The proposal was commissioned by guard officials in Sacramento to determine if the facility could be refurbished by a private developer to provide low-cost housing for military families. Council members expressed concerns after seeing a copy of the proposal, which suggested that housing could be made available to civilians and that a contract for developing the project should be awarded by May 30.

But a guard official said the development would be solely for military personnel.

"Nationwide there are pockets of old military housing that [are] in question, and the answer is in high military hands," said Maj.

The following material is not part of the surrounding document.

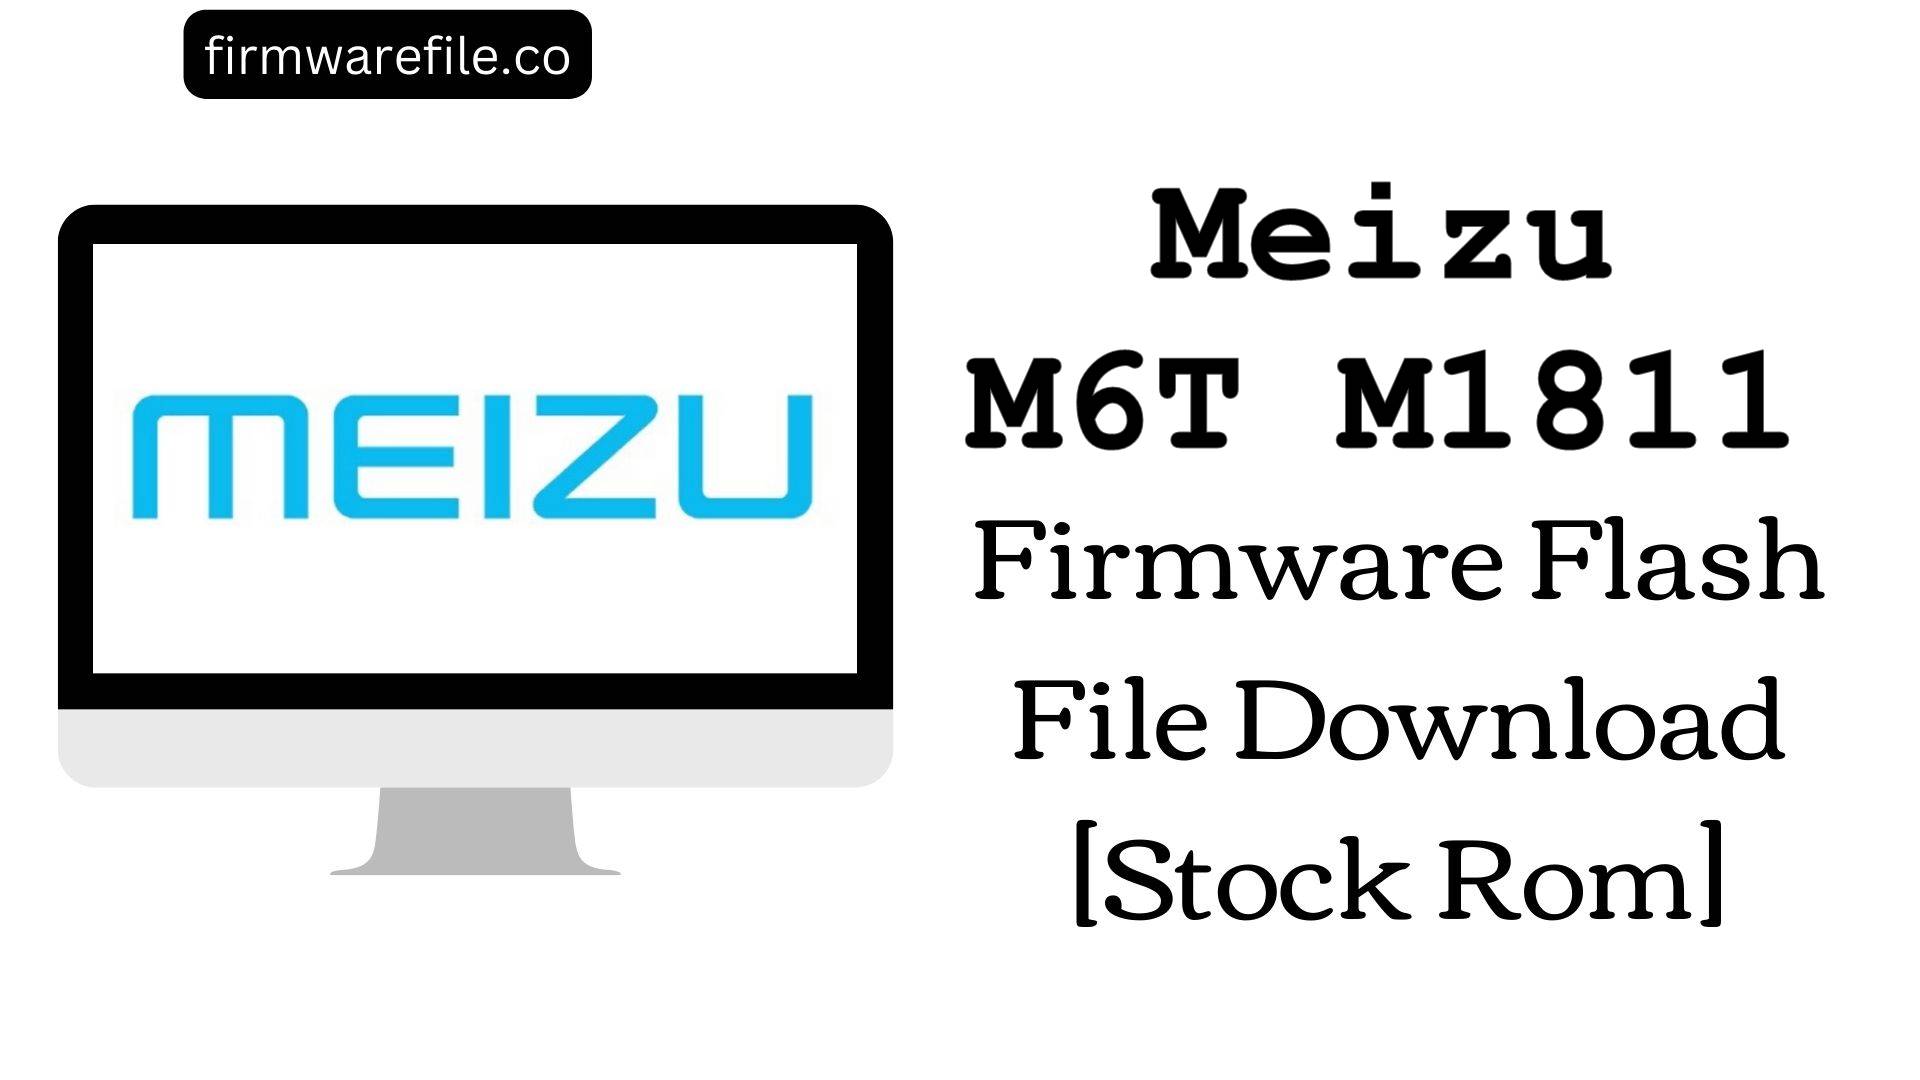 Meizu M6T M1811

Lisa Haskins, assistant deputy commander of the center. "One thing is certain, though: Military housing is for military families, not for civilians or even civilian employees on the base."

The reopening of Shadow Hills is an eventual certainty, if not an immediate one, given the high demand and shortage of available military housing locally and nationwide, city and military officials say.

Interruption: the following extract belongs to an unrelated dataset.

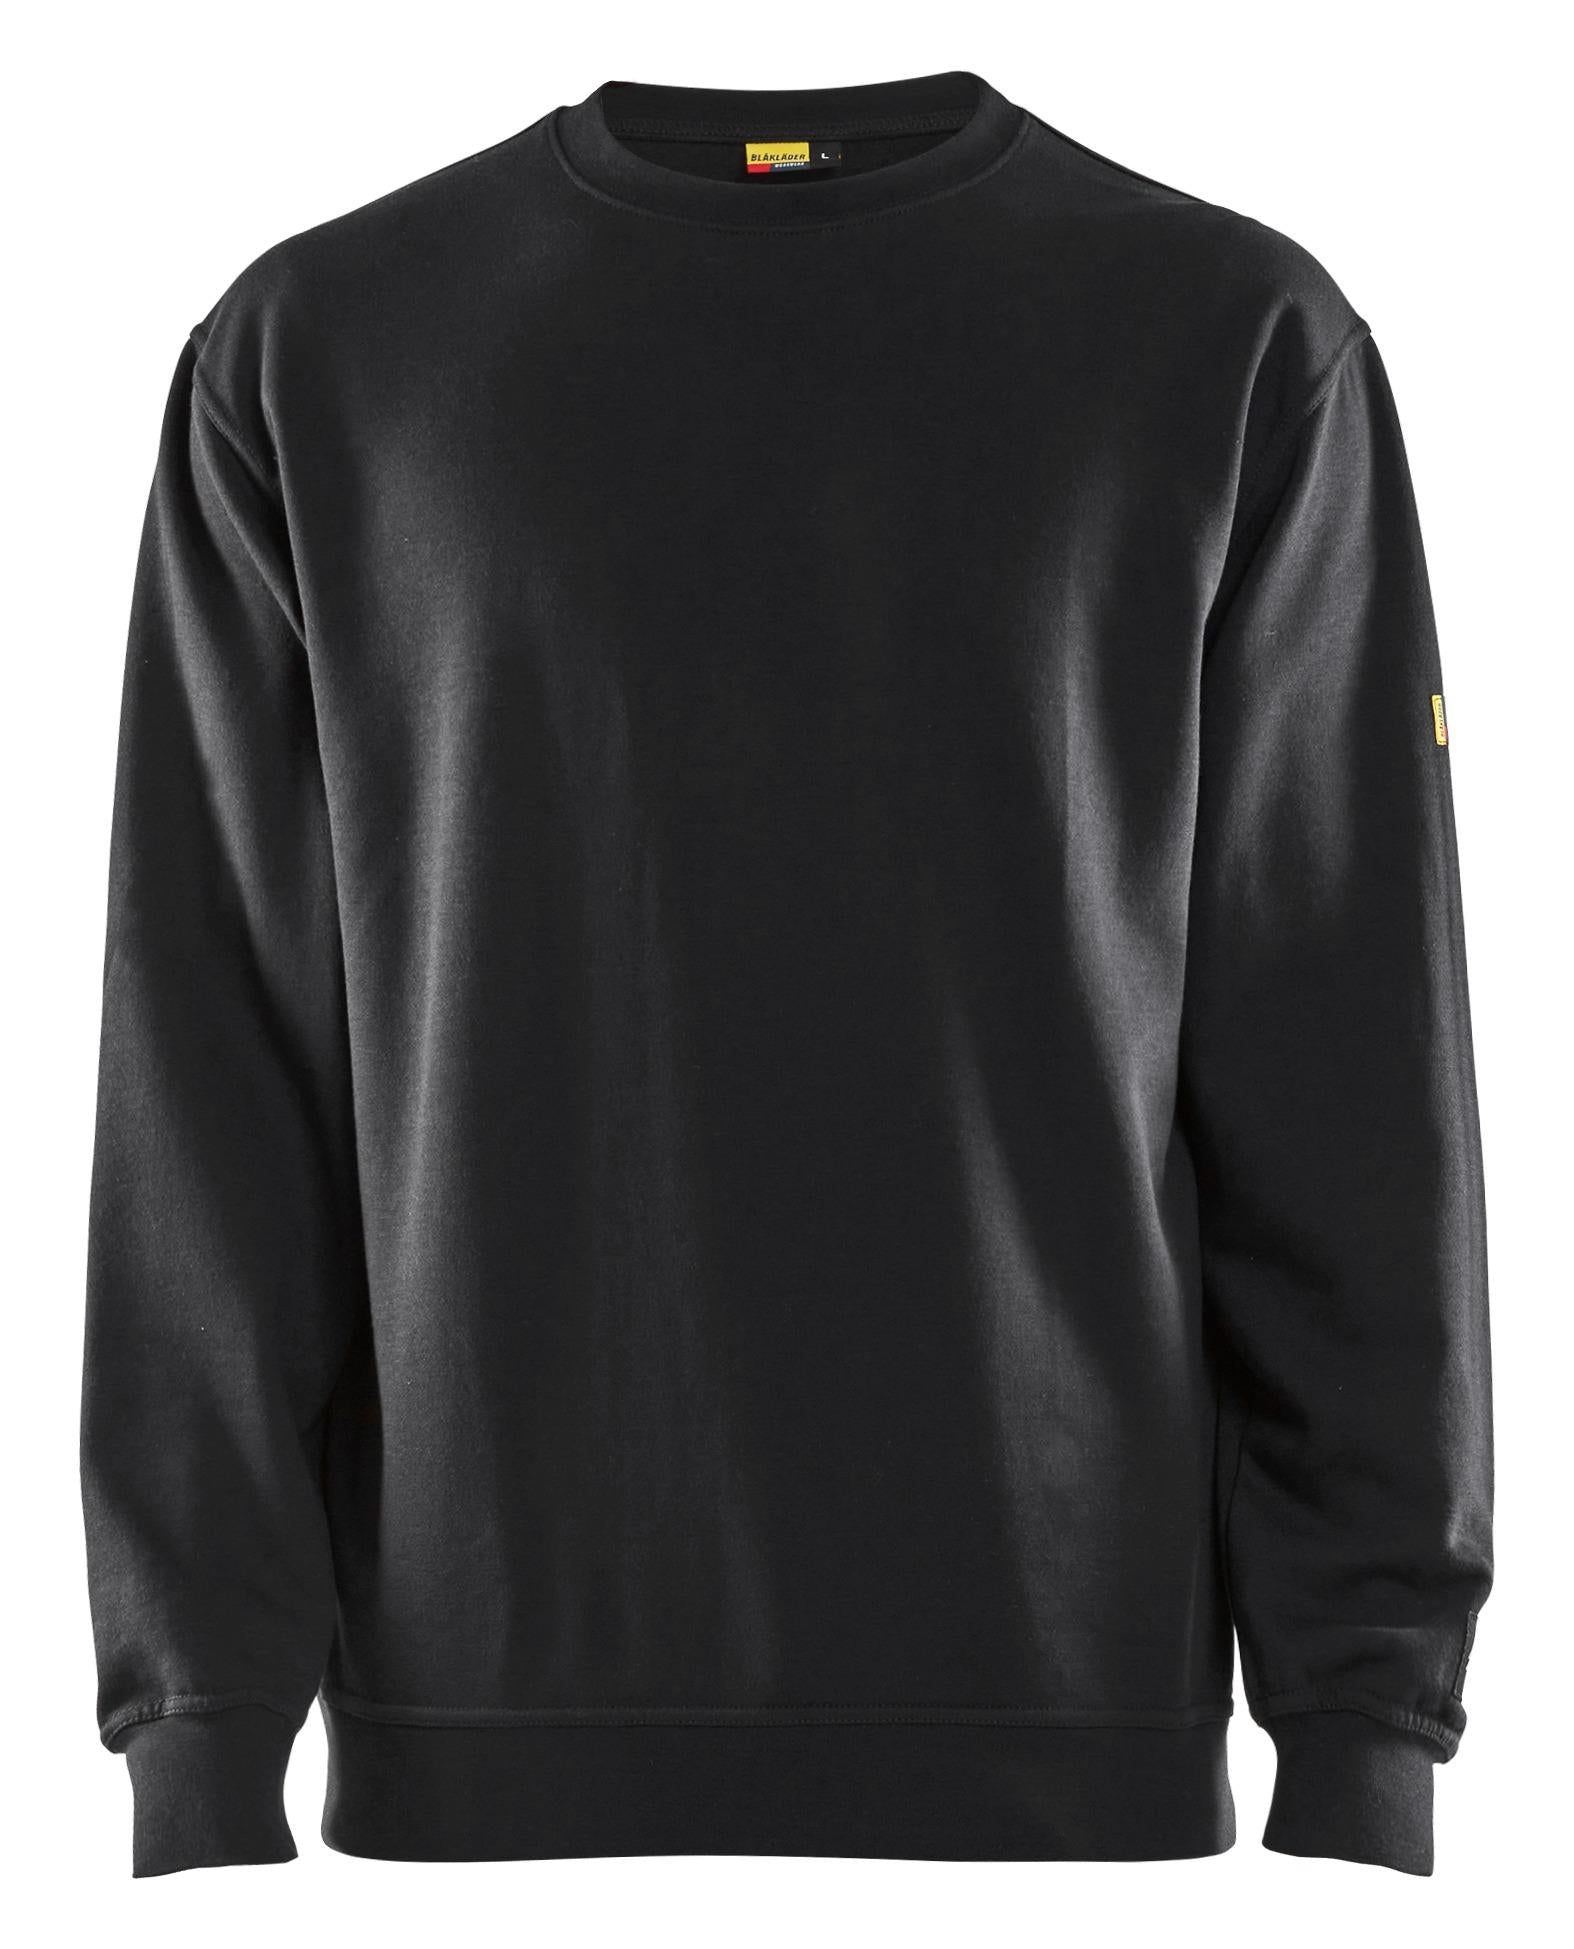 Blaklader black flame-retardant antistatic sweatshirt #3074

"There are 1,300 military families trying to make it in the community and make it on a housing allowance that is typically below market rates," said City Manager Robert Dominguez, who is researching the issue for the council.

Dominguez said any authorization to reopen the 201-unit Shadow Hills would be under the condition that housing costs would not be greater than available allowances. "All we've heard from the military is that it is pretty tough for families," Dominguez said. "Many [military employees] have two jobs."

"If we opened that [Shadow Hills] today, we'd have 1,325 applicants for the housing," Haskins said. "The impact is hardest on the junior ranks. That's why it was such a big deal a few years ago when military families were applying for food stamps and welfare. Our youngest families still qualify for food stamps."

Still, many issues must be addressed even if authorization is granted; such as the estimated $40,000 cost per unit to rehabilitate Shadow Hills, and the question of who would provide services for the 201 additional households in Los Alamitos. Dominguez said the issues will be a discussion item on a late-May council agenda.

"The proposal [seen by council members] was a trial balloon from the private sector to see if it could be privatized," Dominguez said. "The quick answer is probably, but it's all speculation right now."